THE TASK: An exact copy of the data is needed, one that excludes all pictures.

GIVEN MATERIAL:

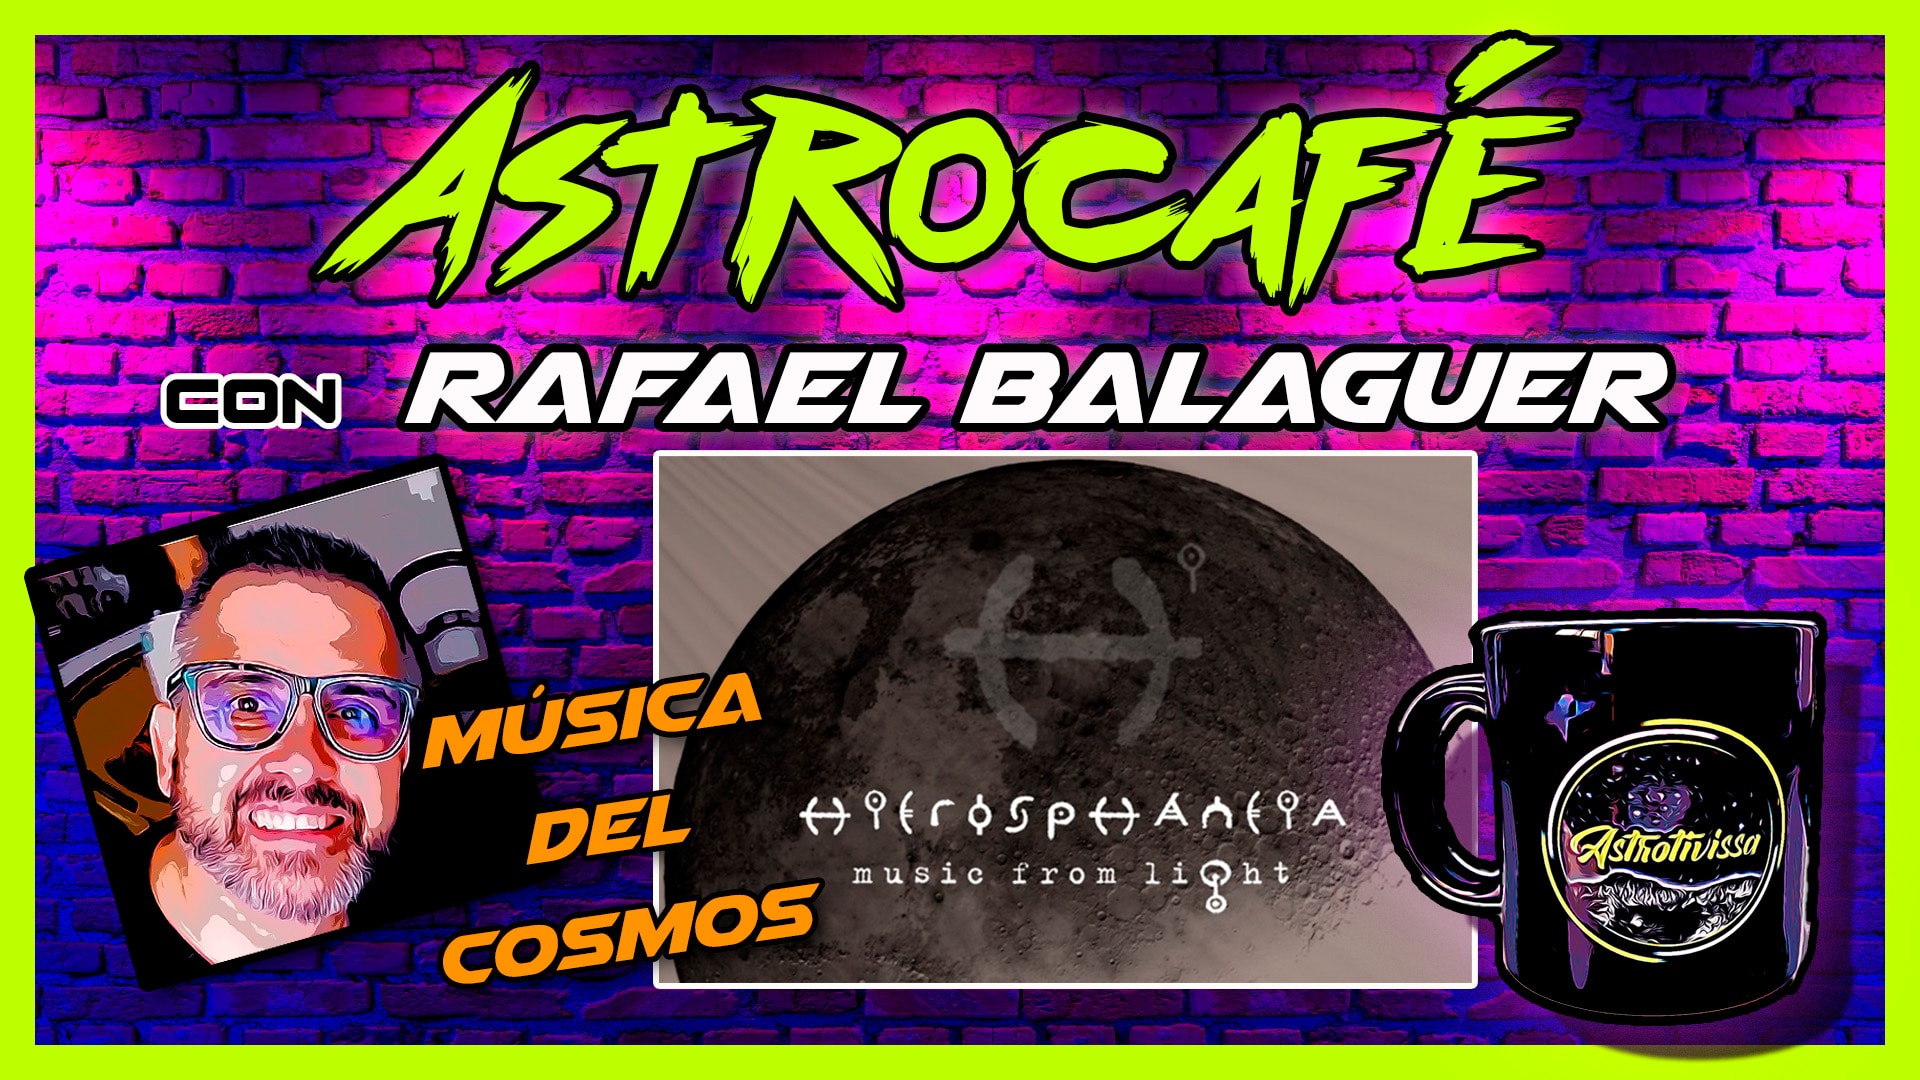 Astrocafé con RAFAEL BALAGUER | HIEROSPHÁNEIA | Music From Light |
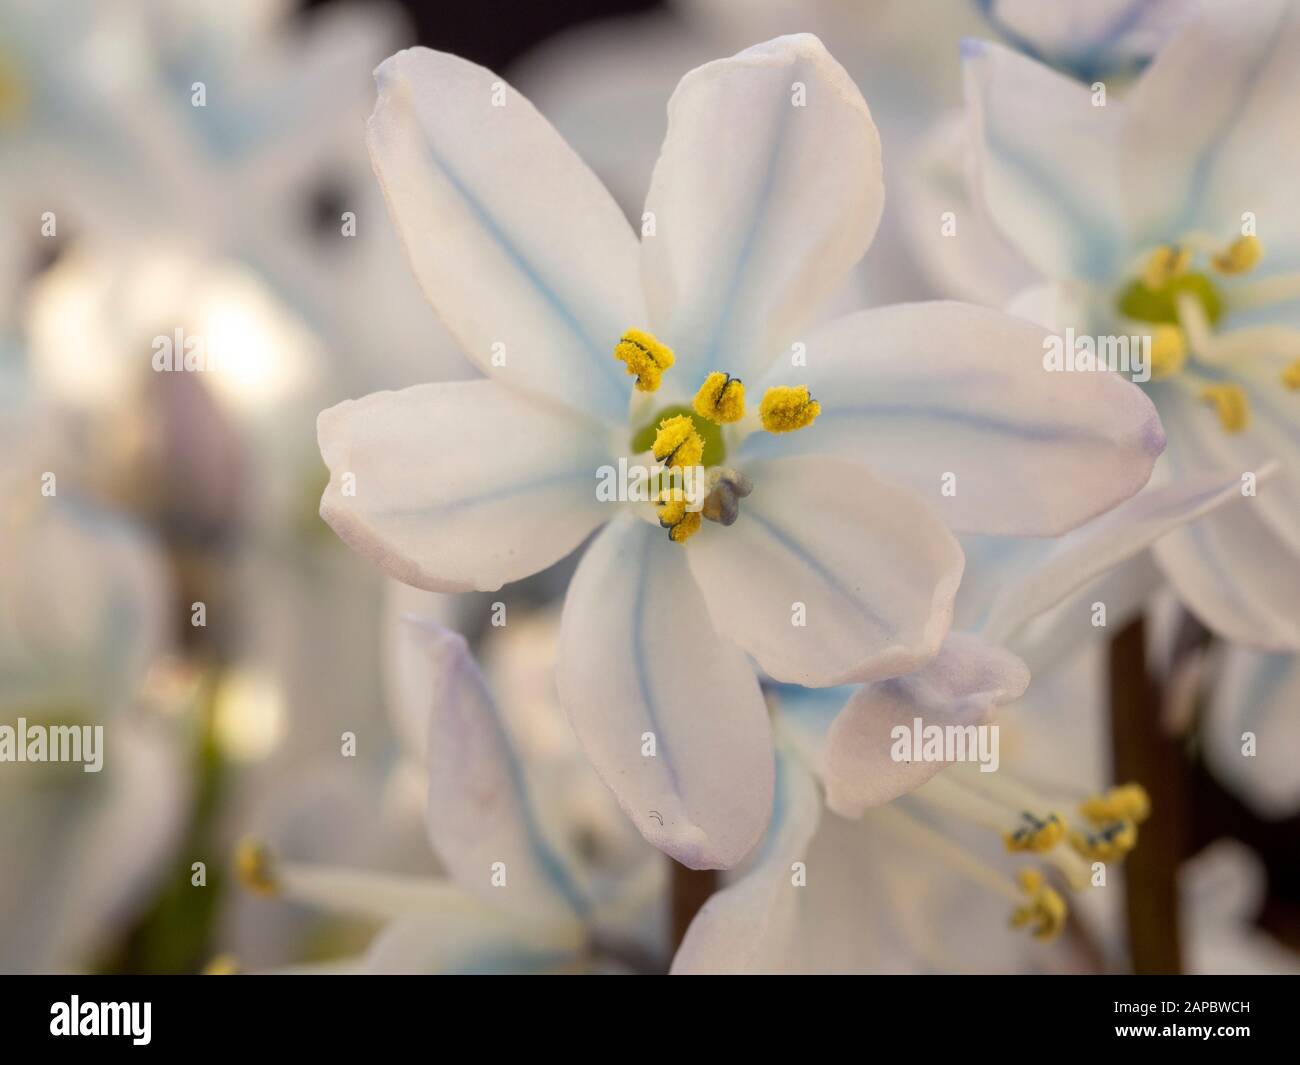 Gros plan d'une jolie fleur blanche de Scilla mischtschenkoana avec pétales blancs et bleus et pollen jaune Banque D'Images
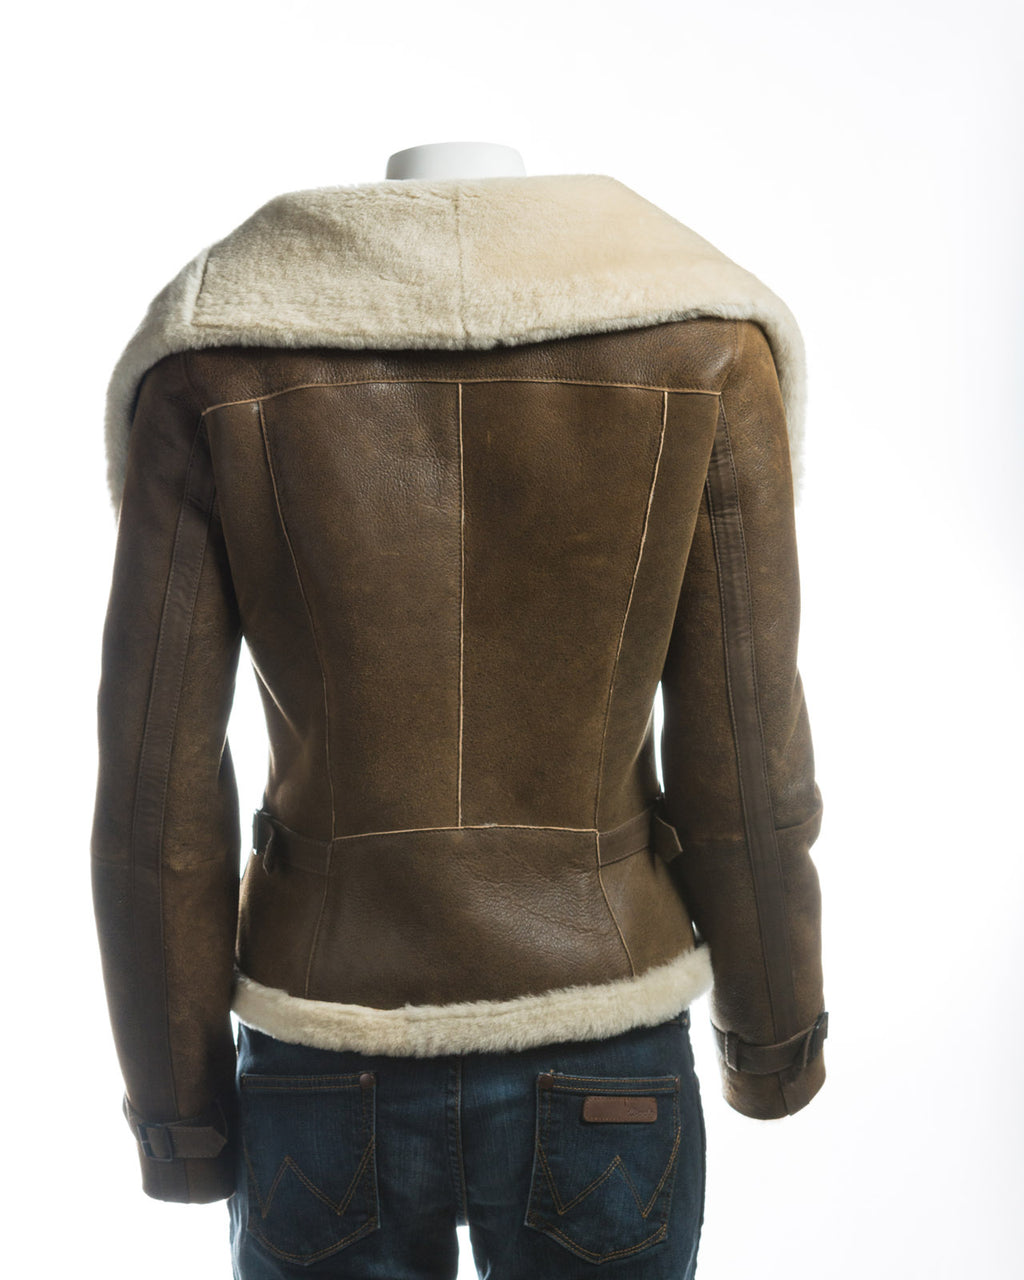 Ladies Antique Tan Sheepskin Jacket With Oversized Collar: Rita
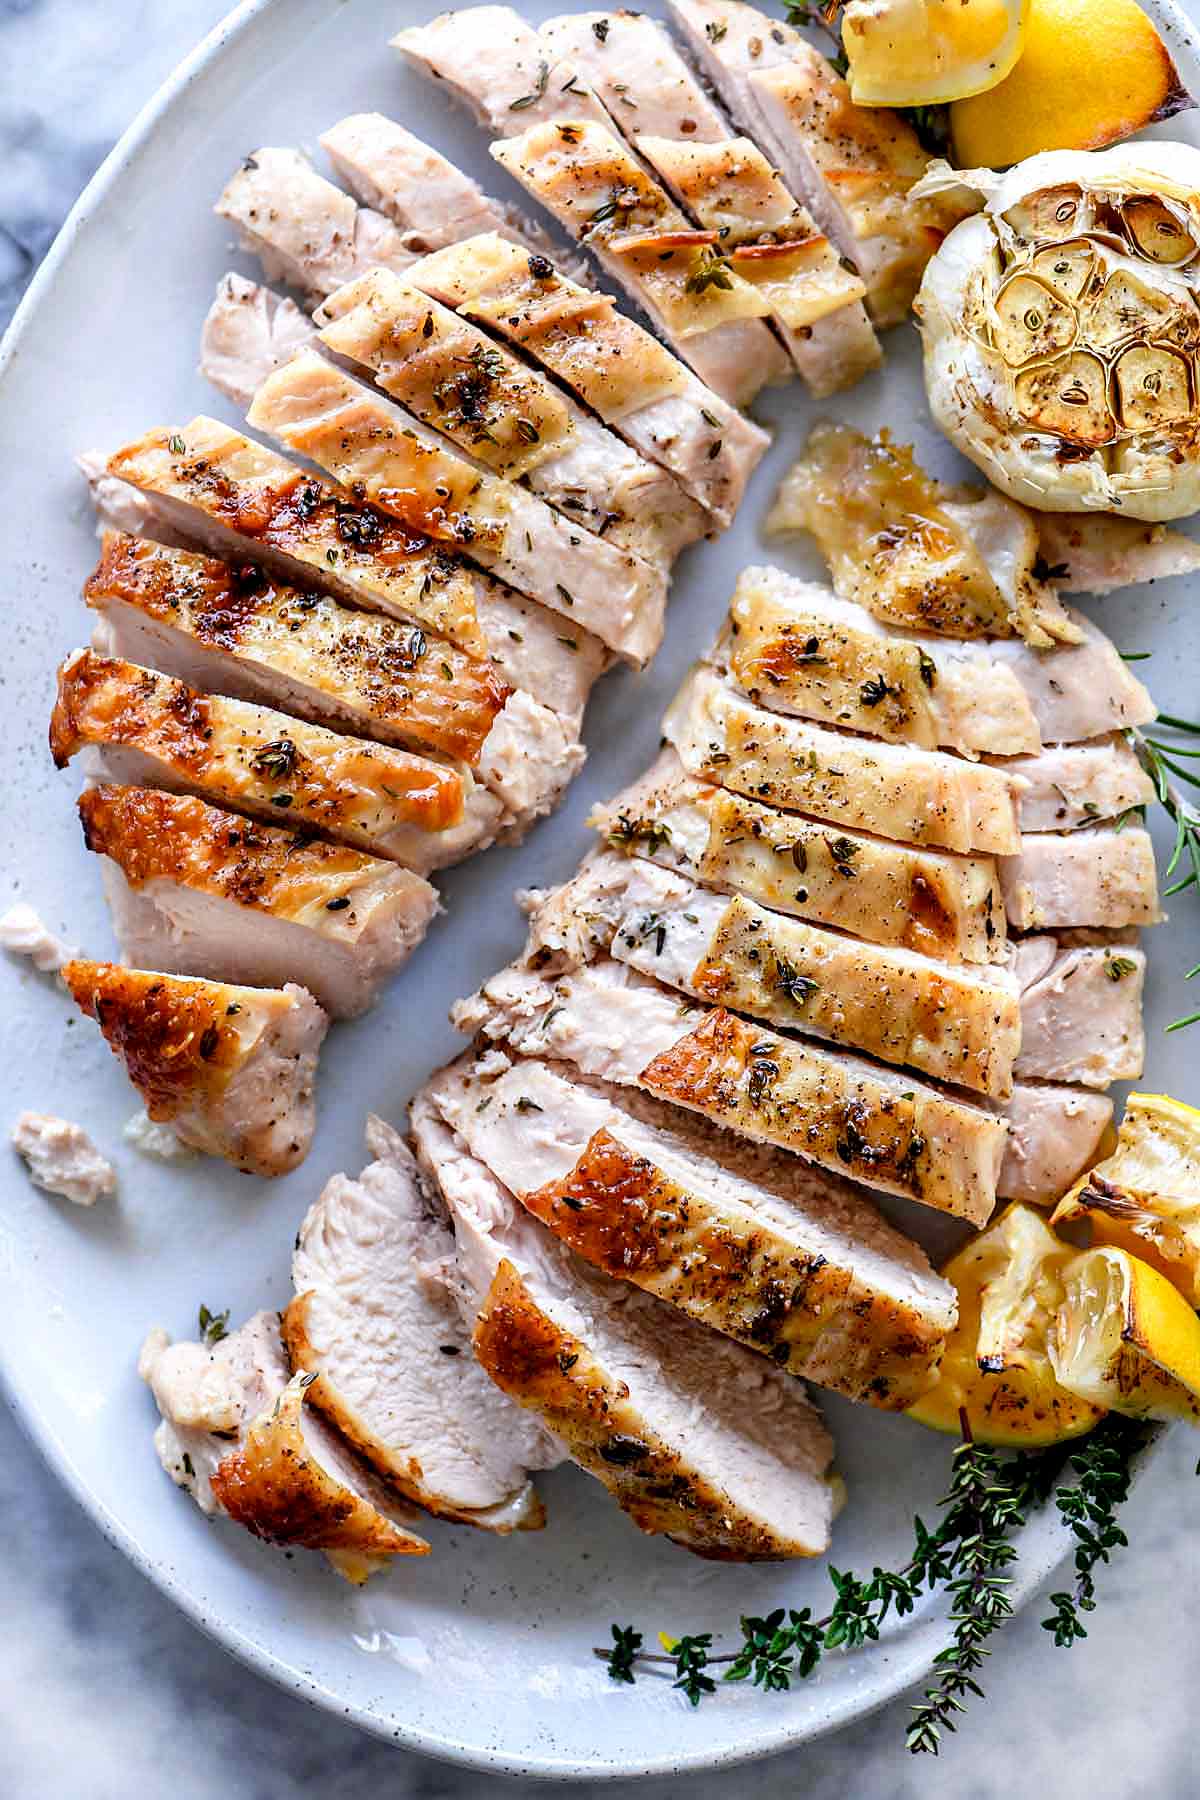 Recette de poitrine de dinde rôtie juteuse | foodiecrush.com #turkey #roasted #oven #breast #recipes

EXPECTED OUTPUT:
 Astrocafé con RAFAEL BALAGUER | HIEROSPHÁNEIA | Music From Light |
 Gros plan d'une jolie fleur blanche de Scilla mischtschenkoana avec pétales blancs et bleus et pollen jaune Banque D'Images
 Ladies Antique Tan Sheepskin Jacket With Oversized Collar: Rita
 Recette de poitrine de dinde rôtie juteuse | foodiecrush.com #turkey #roasted #oven #breast #recipes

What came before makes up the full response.